Выбрать главу

Черкасский с Шаховским переглянулись: не по чину возносит царь атамана, тому бы место свое знать надобно…

Ели и пили дотемна. Зажгли свечи, еду обновили. Самозванец одаривал гостей царским кубком, и тот, кому подносили, пил до дна, с поклоном.

За полночь охмелел Лжедимитрий, встал, взгляд мутный, но язык не заплетается:

— Не хотят бояре меня добром в Москву впустить — уступят силе.

Насторожились за столом, стих шум, а самозванец продолжает с угрозой:

— Призову ханов крымского и турецкого, отпишу персидскому шаху. Не признал меня Жигмунд за брата — признает Аббас… С магометанами сломлю Москву… Доколь жив буду, не дам покоя изменникам, дома их и усадьбы разорю…

Опустили бояре головы, молчат, посапывают. Нагой Сумбулову шепнул:

— Покуда не поздно, отъезжать из Калуги надобно.

— Спьяну несет.

— Уж не скажи, вишь, татарами себя окружил.

— Оно и впрямь, что у трезвого на уме, то у пьяного на языке… Значит, к Шуйскому ворочаться?

— Отчего к Шуйскому? Скоро Ваську погонят.

— Нам и Димитрий неугоден, вона чего глаголет.

— В Москве поглядим, к кому пристать.

Пока Нагой с Сумбуловым уговаривались, Сицкий с Засекиным уже к Москве добирались. Дорогой заночевали на постоялом дворе. Просторная изба с печью да полатями, обильем тараканов, пустынная, ни одного постояльца. Во дворе навес с коновязью, под навесом копенка сена, у ворот колодезь со срубом бревенчатым, замшелым, журавль с бадейкой в небо уставился…

Покуда хозяин-горбун привязывал коней, закладывал им сена, бояре, усевшись за давно не скобленный стол, дожидали, зевали.

— Кажется, унесли ноги, — сказал Сицкий и щелчком сбил таракана со столешницы.

— Эвона какой крюк дали.
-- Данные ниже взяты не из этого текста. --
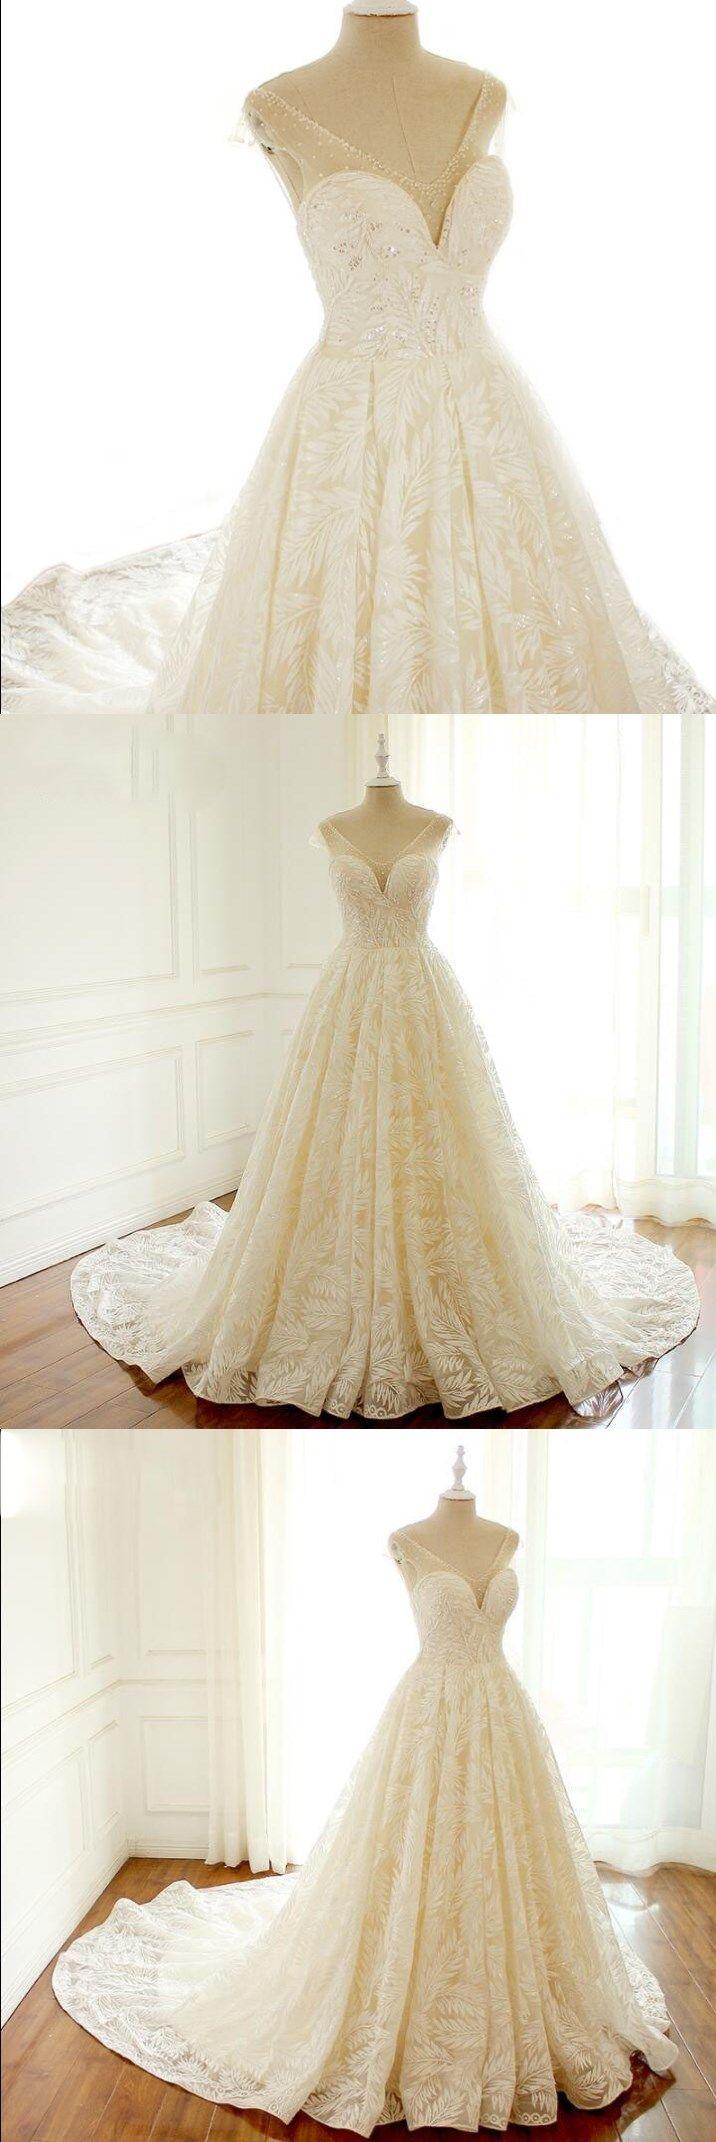 V neck unique new design wedding dresses lovely romantic long
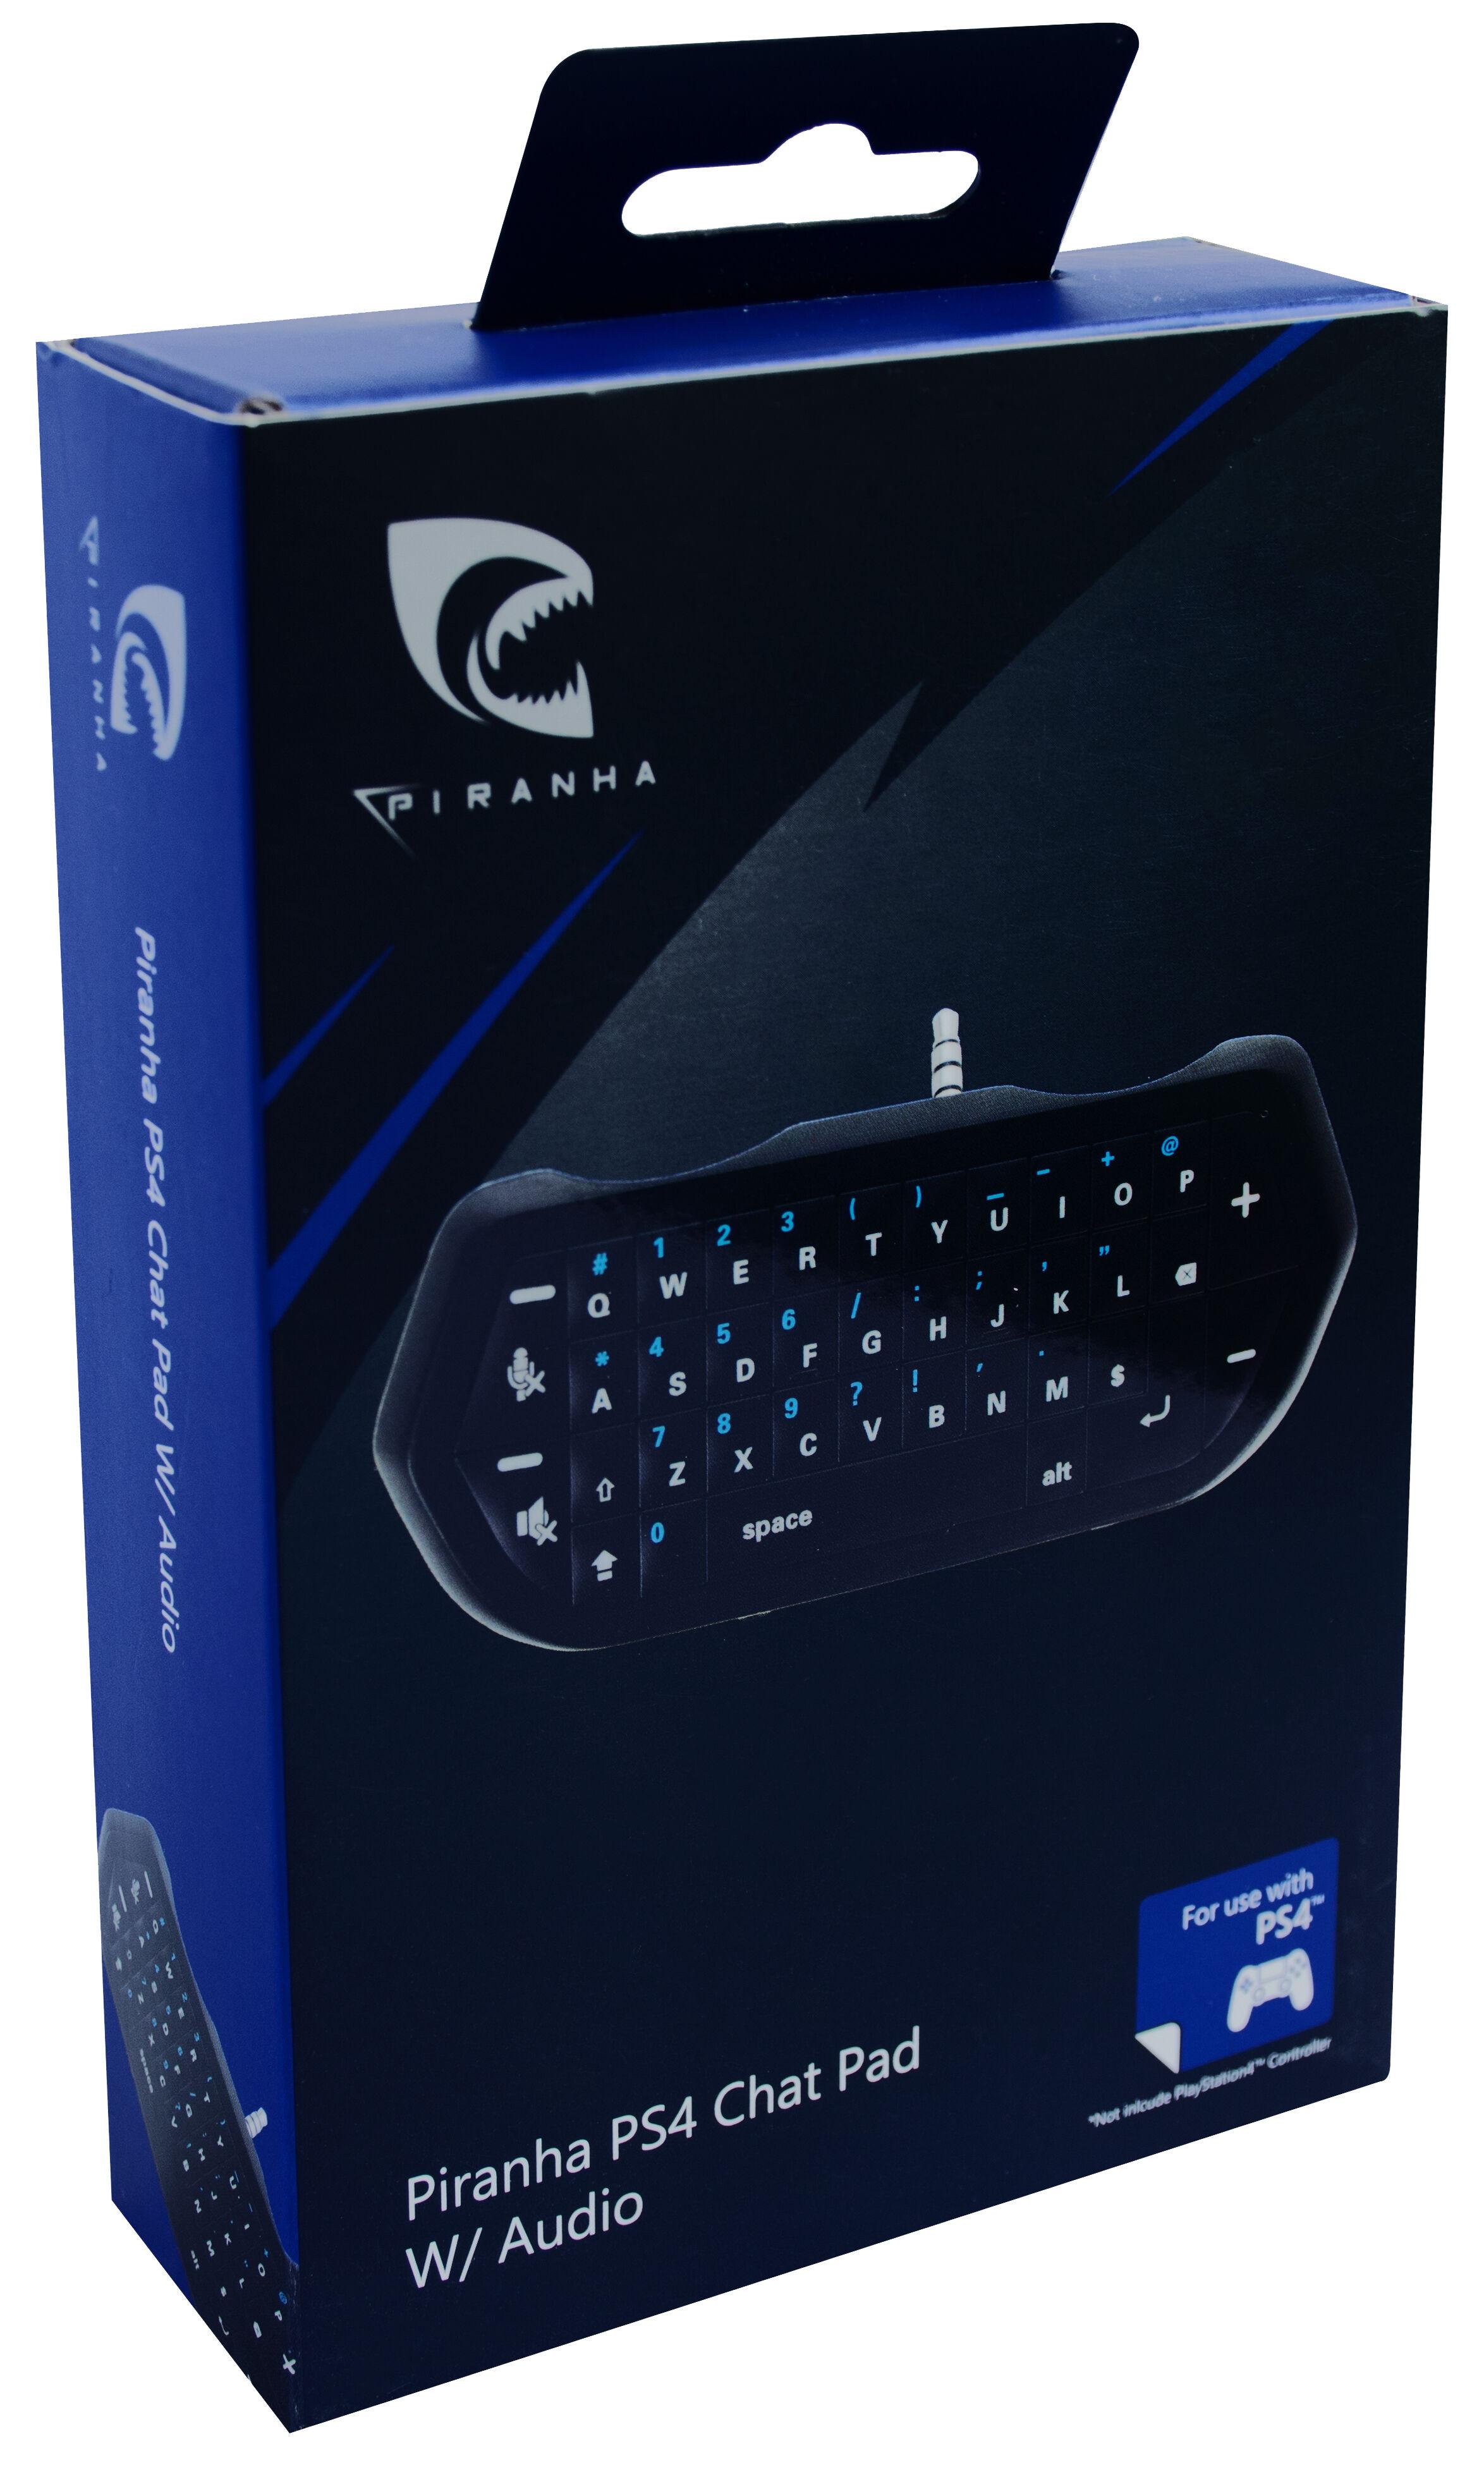 Piranha PS4 Chat Pad w/audio

А самозванец, поди, погоню высылал, — хихикнул Засекин.

— Вестимо, — Сицкий почесал затылок. — Чую, на пустое брюхо уляжемся, князь Федор.

— А вот и горбун, — обрадовался Засекин. — Чем потчевать будешь?

— Рад бы, да чем ноне потчевать, — горбун, сокрушаясь, развел руками.

— Так-то и нет? Ужли и толокна не сыщешь? — спросил Сицкий.

— Вот так и нет. Разве капуста да лук.

Он внес и поставил перед боярами глиняную миску с квашеной капустой, острым ножом накрошил прошлогоднего лука. Бояре принялись за еду, переговаривались:

— Не боязно в Москву ворочаться, князь Андрей?

— Кого страшиться, аль Шуйского? Ему ноне не до нас. У меня, князь Федор, в преддверии ночи тело свербит.

— К чему на полати взбираться, отправимся на сеновал. Там и к коням ближе, да и от лихих людей оборониться сподручней.

— И то так. В Москве порог хором не переступлю, допрежь в баньке попарюсь, веничком девки похлещут вдосталь, — сладостно зажмурился Сицкий.

— Э-хе-хе, — вздохнул Засекин. — Жизнь у нас ноне собачья.

— Недолго осталось мытарствовать, князь Федор.

Бояре ели не ели, улеглись на сеновале. Засекин тут же захрапел, а Сицкий долго ворочался. Фыркали кони, кто-то бродил по двору. Поднял князь Андрей голову, вгляделся: горбун ходит. Снова попытался заснуть, но сон не брал. Отчего-то вспомнилось, как в отроческие лета провел ночь на сеновале с дворовой девкой, ядреной и горячей. Не дала она даже вздремнуть молодому князю…

Отчего он, Сицкий, подался к самозванцу? Соблазн, искуситель. Лжедимитрий в Тушине стоял в силе великой, того и гляди Москву займет. Отъехали к нему князья и бояре многие: Трубецкие Дмитрий и Юрий, Черкасский, Иван Годунов. Ко всему оказался у самозванца и митрополит Филарет. Вот и он, князь Андрей Юрьевич, в Тушино переметнулся.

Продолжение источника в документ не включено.